Belgrave Gallery, St Ives to Show Part Earth; Part Flower by Ceramicist Rebecca Harvey
12th September 2019

Part Earth; Part Flower comprises of a series of new and specially created works in porcelain by QEST Scholar and ceramicist Rebecca Harvey, in a site-specific installation of vessels at Belgrave St Ives. The exhibition opens on 16 September as part of the St Ives September Festival 2019. Â
Harvey has collaborated with St Ives based gardener Polly Carter, to incur a deeper connection between her vessels and their intended use of displaying flowers. The collaboration extends to a creative and experimental approach to the display of the work, the relationship between the vessels and flowers and how the gallery space is experienced by visitors.
The installation attempts to explore this inter-connectedness between earth and flower in the vein of Zen philosophy. Also drawn from this tradition is a wabi-sabi approach and aesthetic in the work. Harvey’s porcelain is beautiful and tactile with strong forms but also displays the maker’s marks, and what could be perceived as ‘imperfections’ though a manipulation of the porcelain whilst wet, leaving rough edges with indentations. This wabi-sabi aesthetic prizes imperfection as holding the authentic and spiritual acknowledgement that nothing lasts, nothing is perfect and nothing is finished.
Harvey’s collection of vessels in this exhibition resist defined terms; they are not particularly vases and bowls, although they may well look like them. They are all objects in their own right, which also have the potential to hold flowers. The flowers will be displayed by Harvey and Carter through an ikebana inspired approach. That is of mindfully and instinctively placing just a few stems, to illustrate the plants natural growth and connection to the vessel through line. The edges of Harvey’s porcelain vessels, as well as rough, are kinked by hand, creating offerings for the stems to fall naturally in place without too much effort or thought and forming a continuous line between the two.
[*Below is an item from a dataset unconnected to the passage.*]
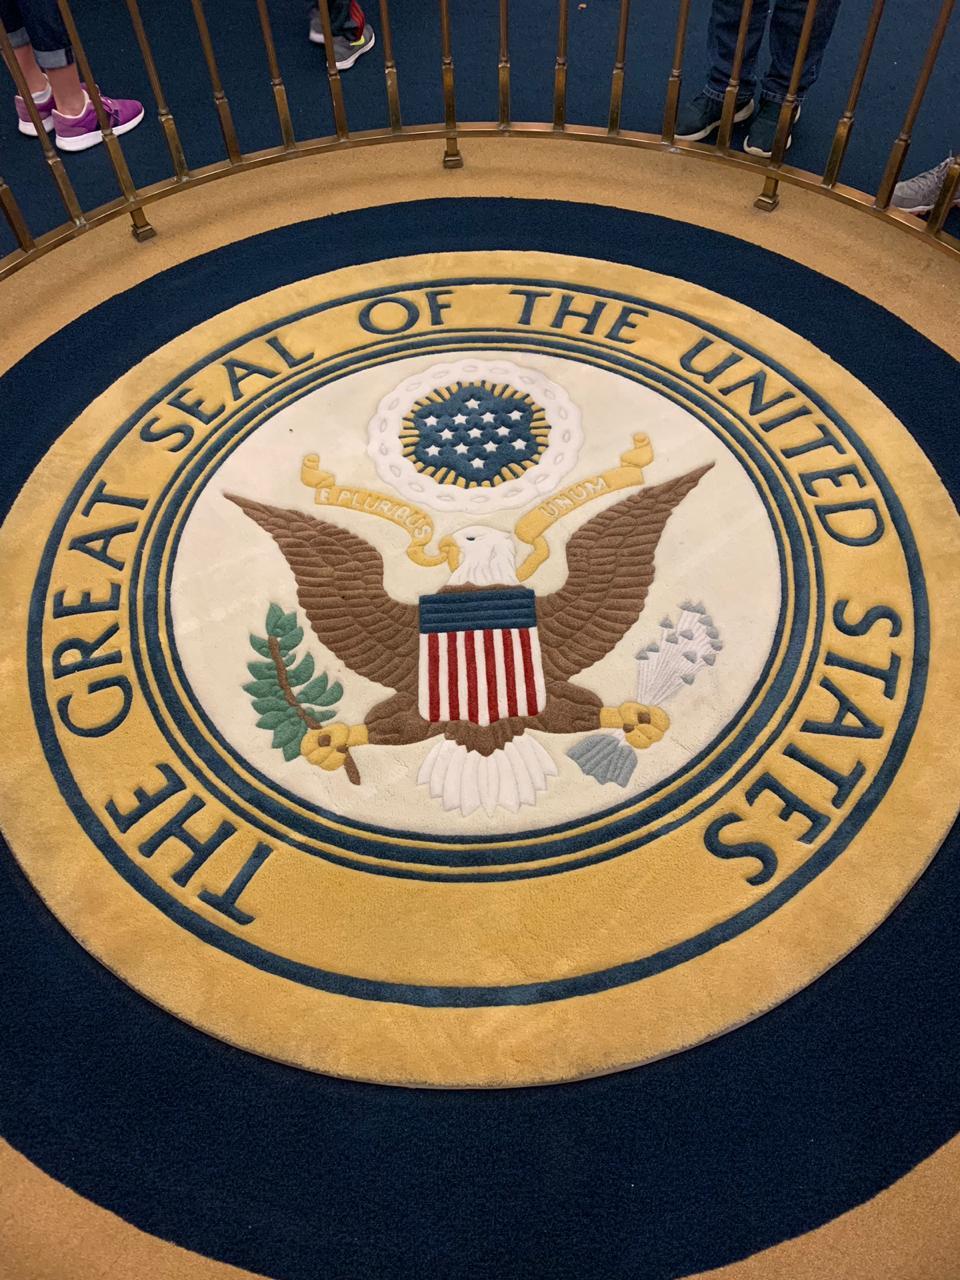 O Grande Selo dos Estados Unidos da América. O Hall of Presidents é o único lugar além da Casa Branca que tem esse selo e isso precisou passar por votação no Congresso.

As wabi-sabi is considered a philosophy that can only be truly understood through the senses, so Harvey’s work invites the recipient to engage in a tactile and physical way with the work. Little vessels are arranged on dishes and are interchangeable between themselves and across works, inviting the user to play; invoking the curiosity, simplicity and joy that is the spirit of the works making.